§ **Data extract**:
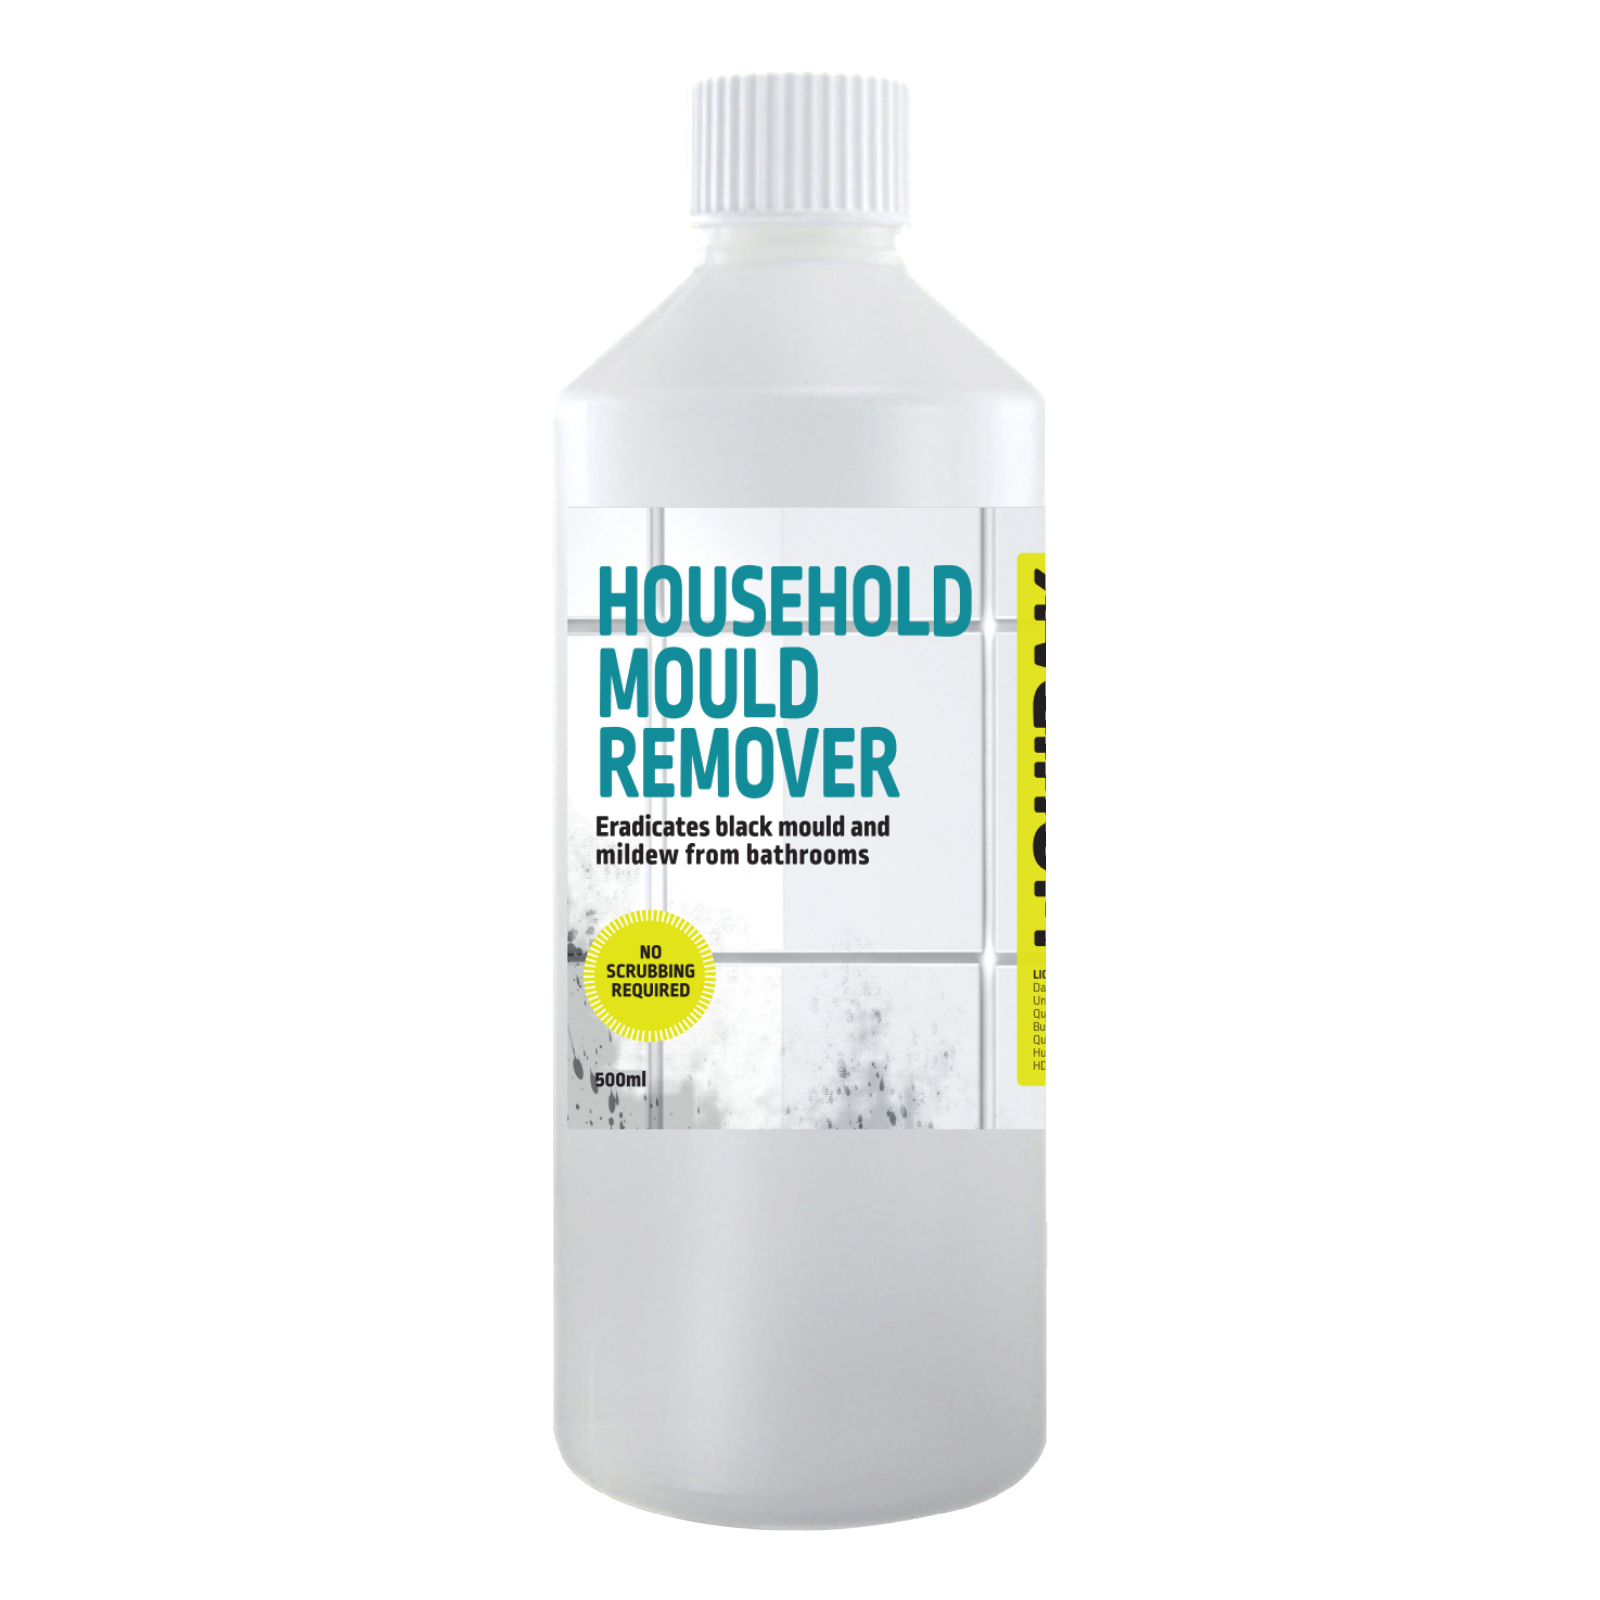 Household Mould Remover
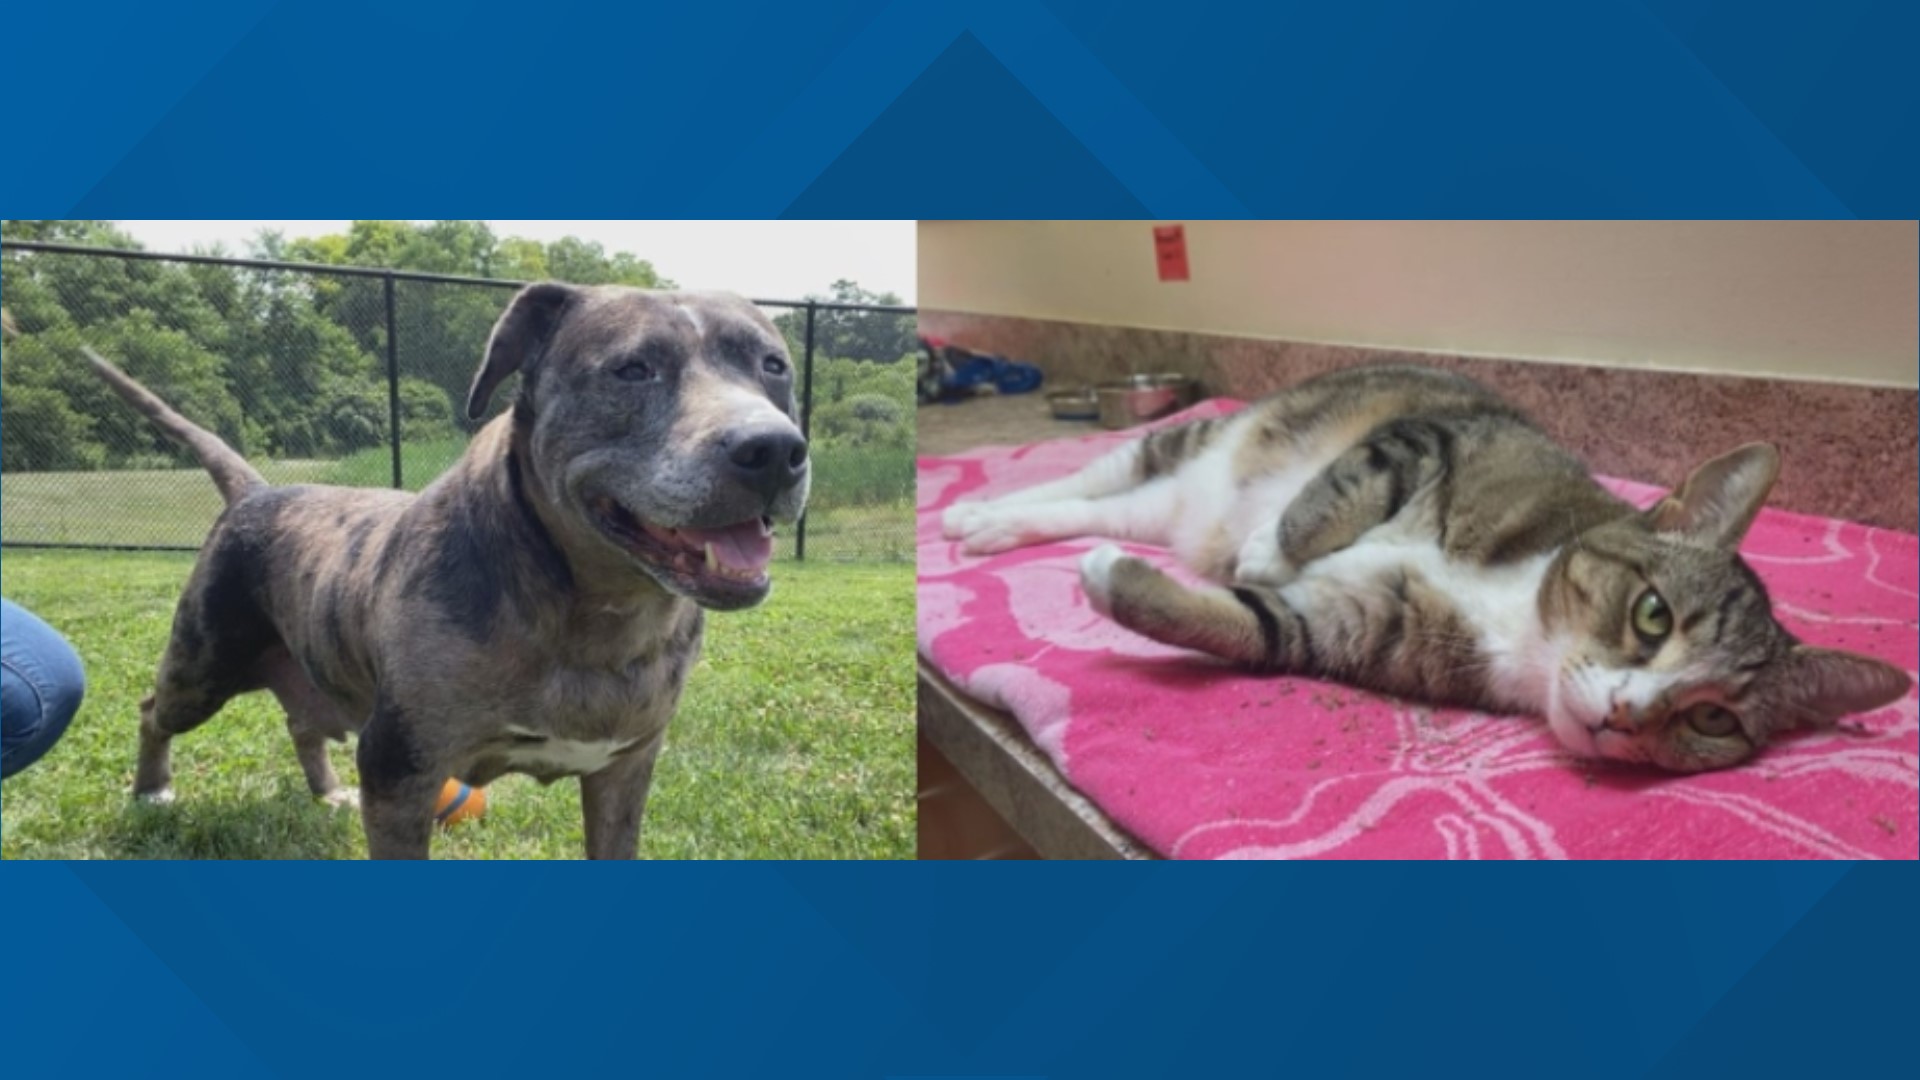 Desi and Millie Bobbie Brown are both looking for their new homes at the York County SPCA.
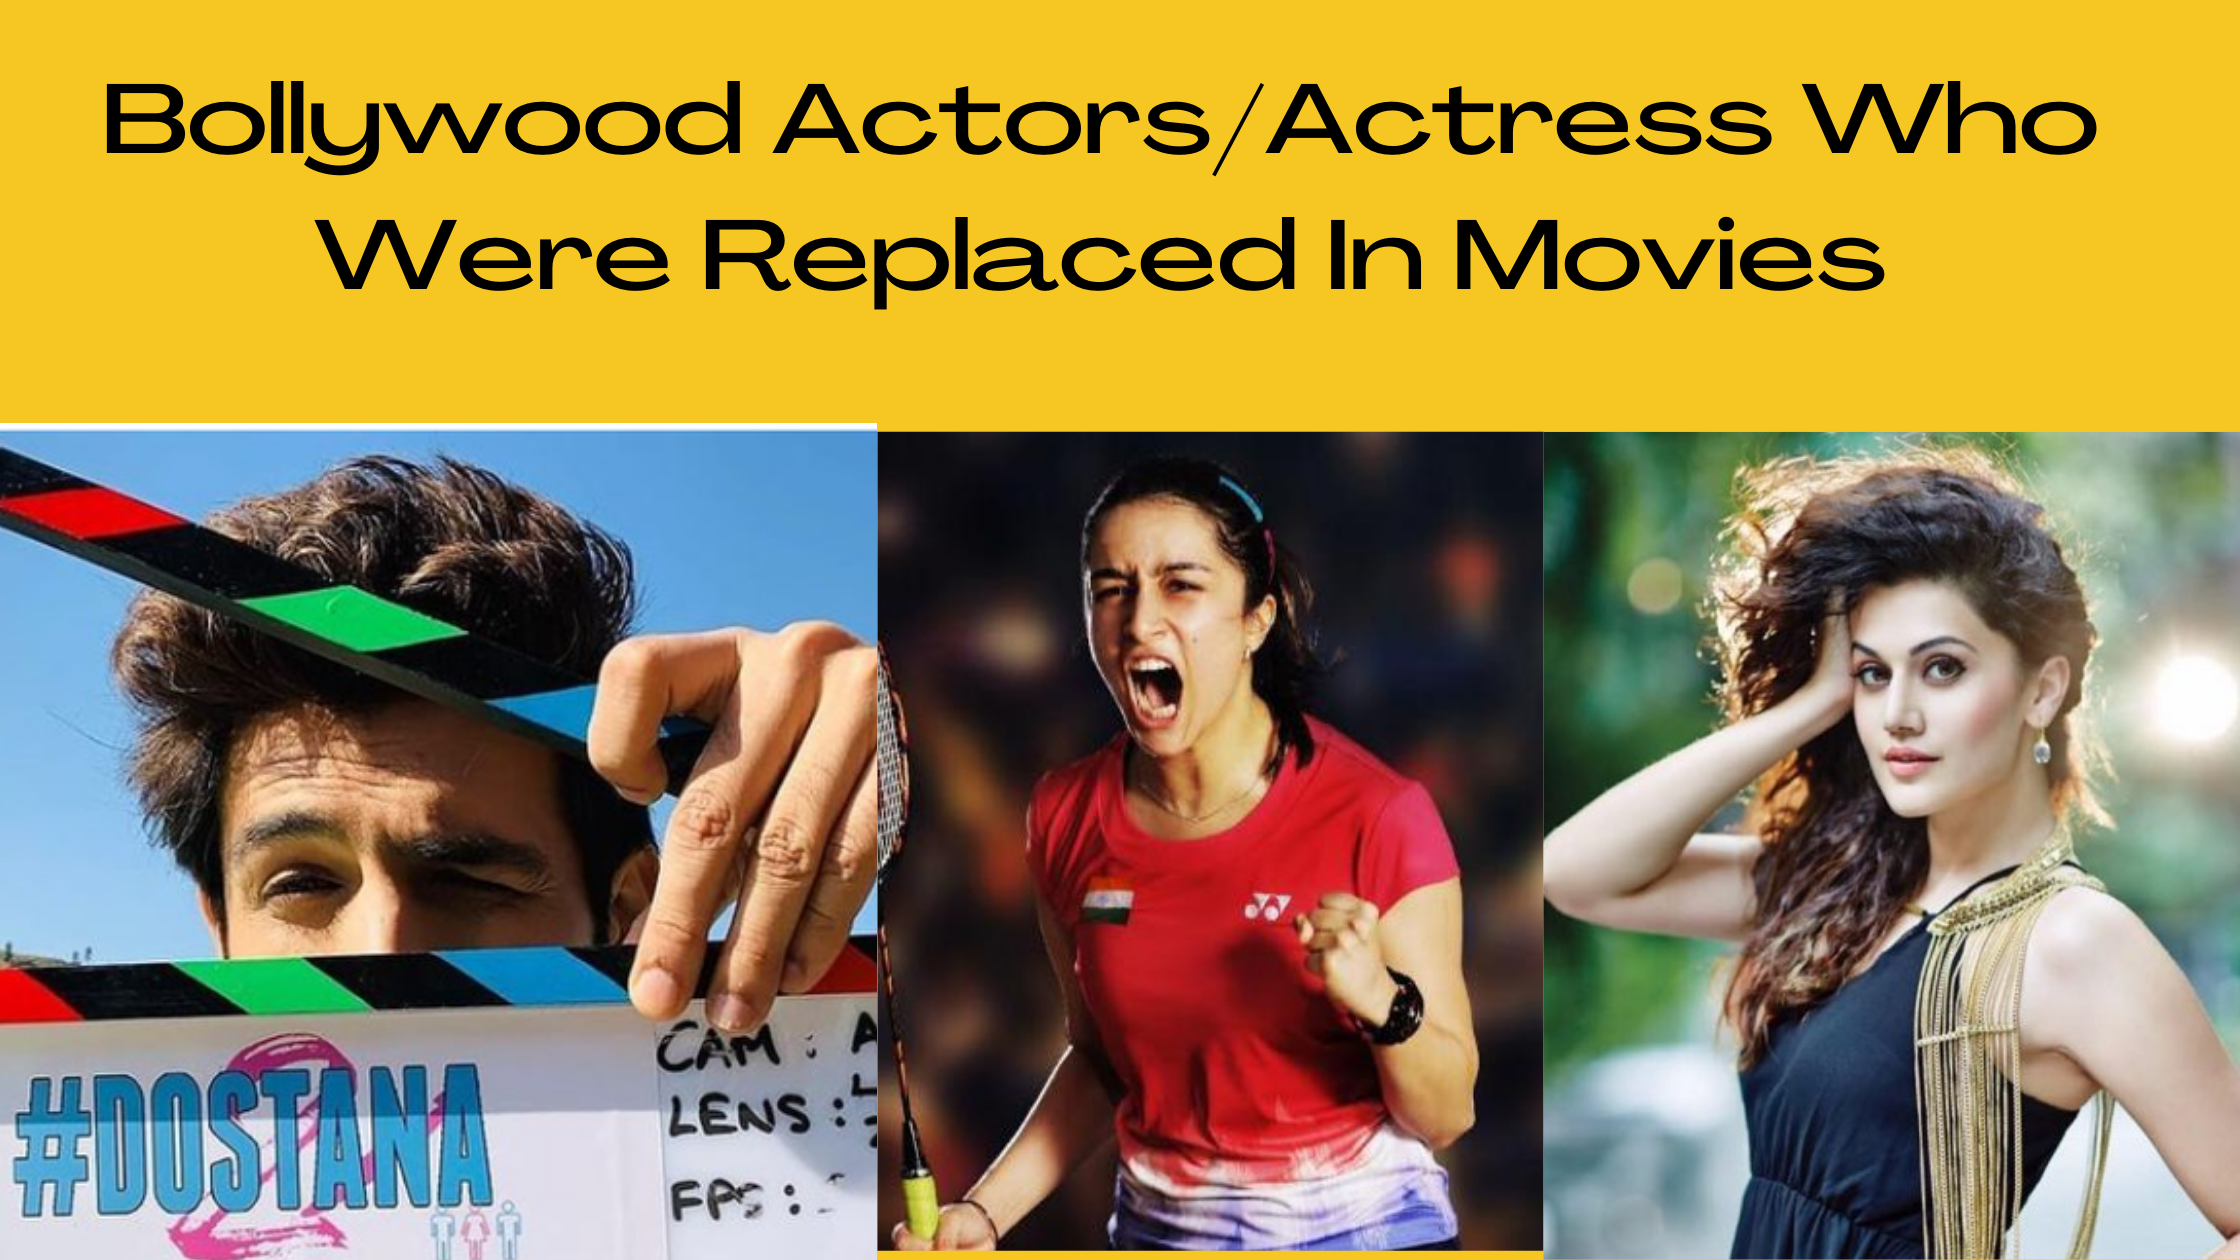 Bollywood Actors/Actress Who Were Replaced In Movies

§ **What this task involves**: What you return must match the material above exactly, apart from its pictures.

§ **Problem solution**:
 Household Mould Remover
 Desi and Millie Bobbie Brown are both looking for their new homes at the York County SPCA.
 Bollywood Actors/Actress Who Were Replaced In Movies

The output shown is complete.